THE IMPORTANT THING IS TO GET THE RIGHT VALUES IN THE RIGHT PLACES!

This is where it's super-important to envision the figure in terms of boxes and flattened cylinders - somewhat curved planes that meet at rounded edges. Now that I understand the point of these sketches I want to crank them out rapidly and hopefully improve my visualization technique.

This is the stuff Robert Beverly Hale stresses so much , especially in Master Class in Figure Drawing - showing all those drawings by Rembrandt and Ruebens and DaVinci etc - now I understand exactly what they were paying attention to in doing them.

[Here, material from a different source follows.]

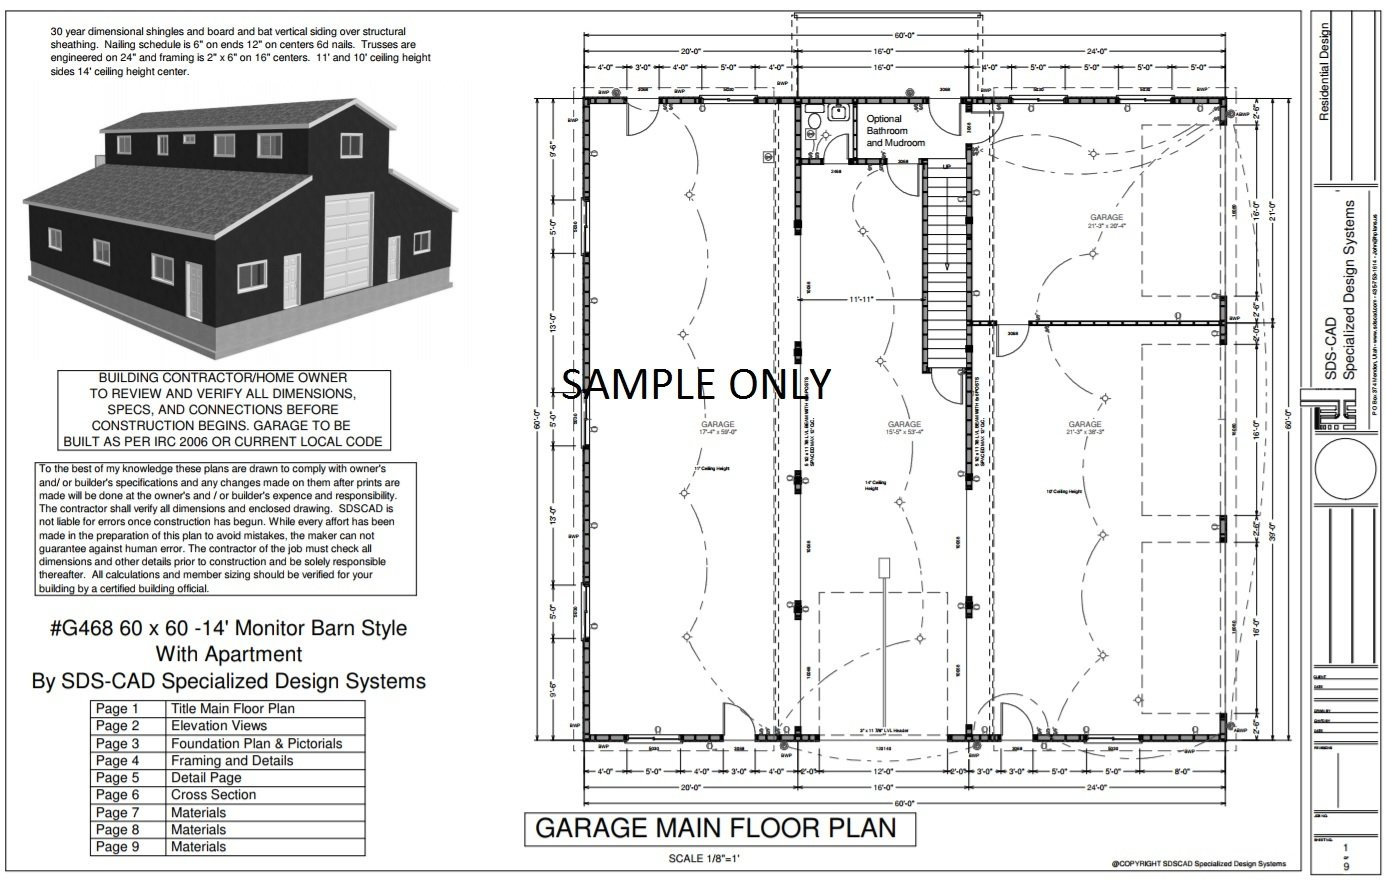 Rv garage sds plans for Monitor garage plans
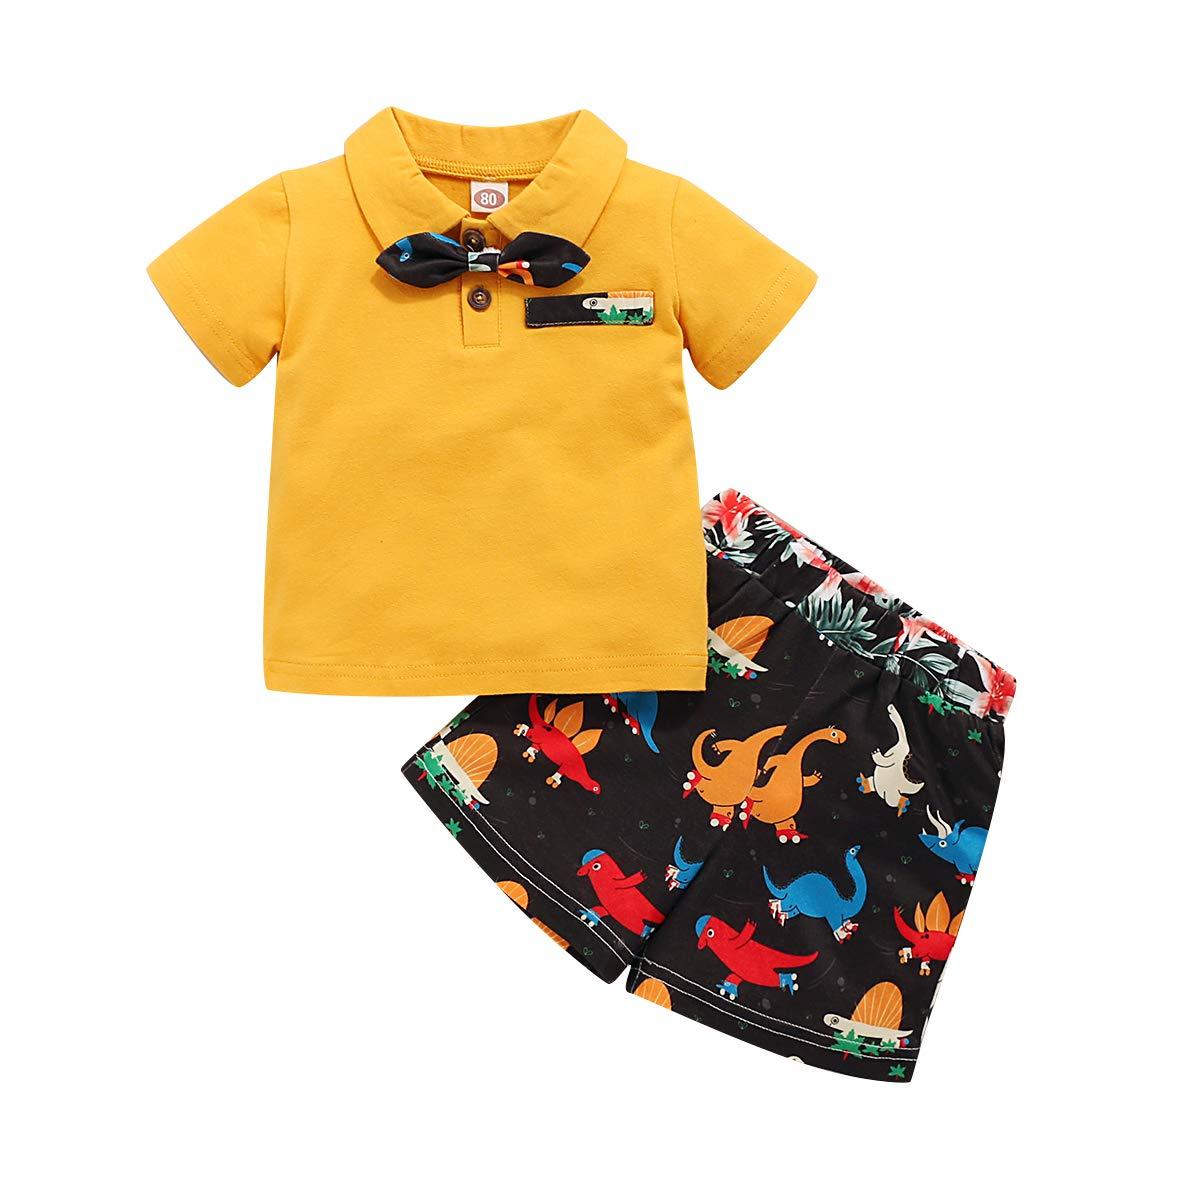 bilison Baby Boy Summer Clothes Button Bowtie Short Sleeves Tops + Camouflage Pants 2Pcs Outfit Set

To quickly review the information I'm talking about:

Whether you're drawing from a live model or a photograph, don't just copy the shapes and tones you see. That isn't learning anything - it's only copying and often results in drawings with little or no sense of 3 dimensional solidity. Instead, create in your drawing a virtual model of the figure you see. Build it from boxes and cylinders, but even the cylinders need to have some sense of form - so they're slightly squashed cylinders. That's the form of arms and legs anyway - they're not purely cylindrical. So you're visualizing something like a little artist's mannikin made from soap that's been wetted and rubbed down a while, until the corners are nicely rounded and the planes themselves are curved the same way the planes of the body itself are curved. Each plane is either facing toward the light or away from it, to varying degrees, and this determines how light in value the entire plane is. Sometimes there's a lot of visual confusion (on the model or photograph) that makes it hard to see which planes need to be light or dark - and often the lighting is itself confusing, so a good artist doesn't rely on exactly what he sees but instead draws his virtual model of the figure, adjusted to resemble the person he's drawing, and with virtual light thrown onto it so that the planes all show clearly which way they're facing in relation to the light source. This is the way the great masters learned to draw - it results in a very clearly readable drawing that leaves no doubt as to which way each portion of the body is facing or how it's shaped or exactly how the light is hitting it.

Other than wanting to improve on the rendering of the value areas themselves, I also want to fix the contours of the drawing - get the shapes right. In other words, I want to improve the boxes themselves and the information they carry - the tilt and direction of each part of the figure. It's these 2 things that will benefit tremendously from these sketches. When I learn to draw the figure properly in terms of limited values (only used the lower 4 off the palette and even lightened up the darkest dark considerably) and to pay close attention to the shapes of each part of the figure and which direction they're facing, then I'll have the basics of figure drawing down pat. This is the most important thing you can possibly improve on in your art - everything else is very secondary. Also, when I can do this right, I should be able to do speed paintings.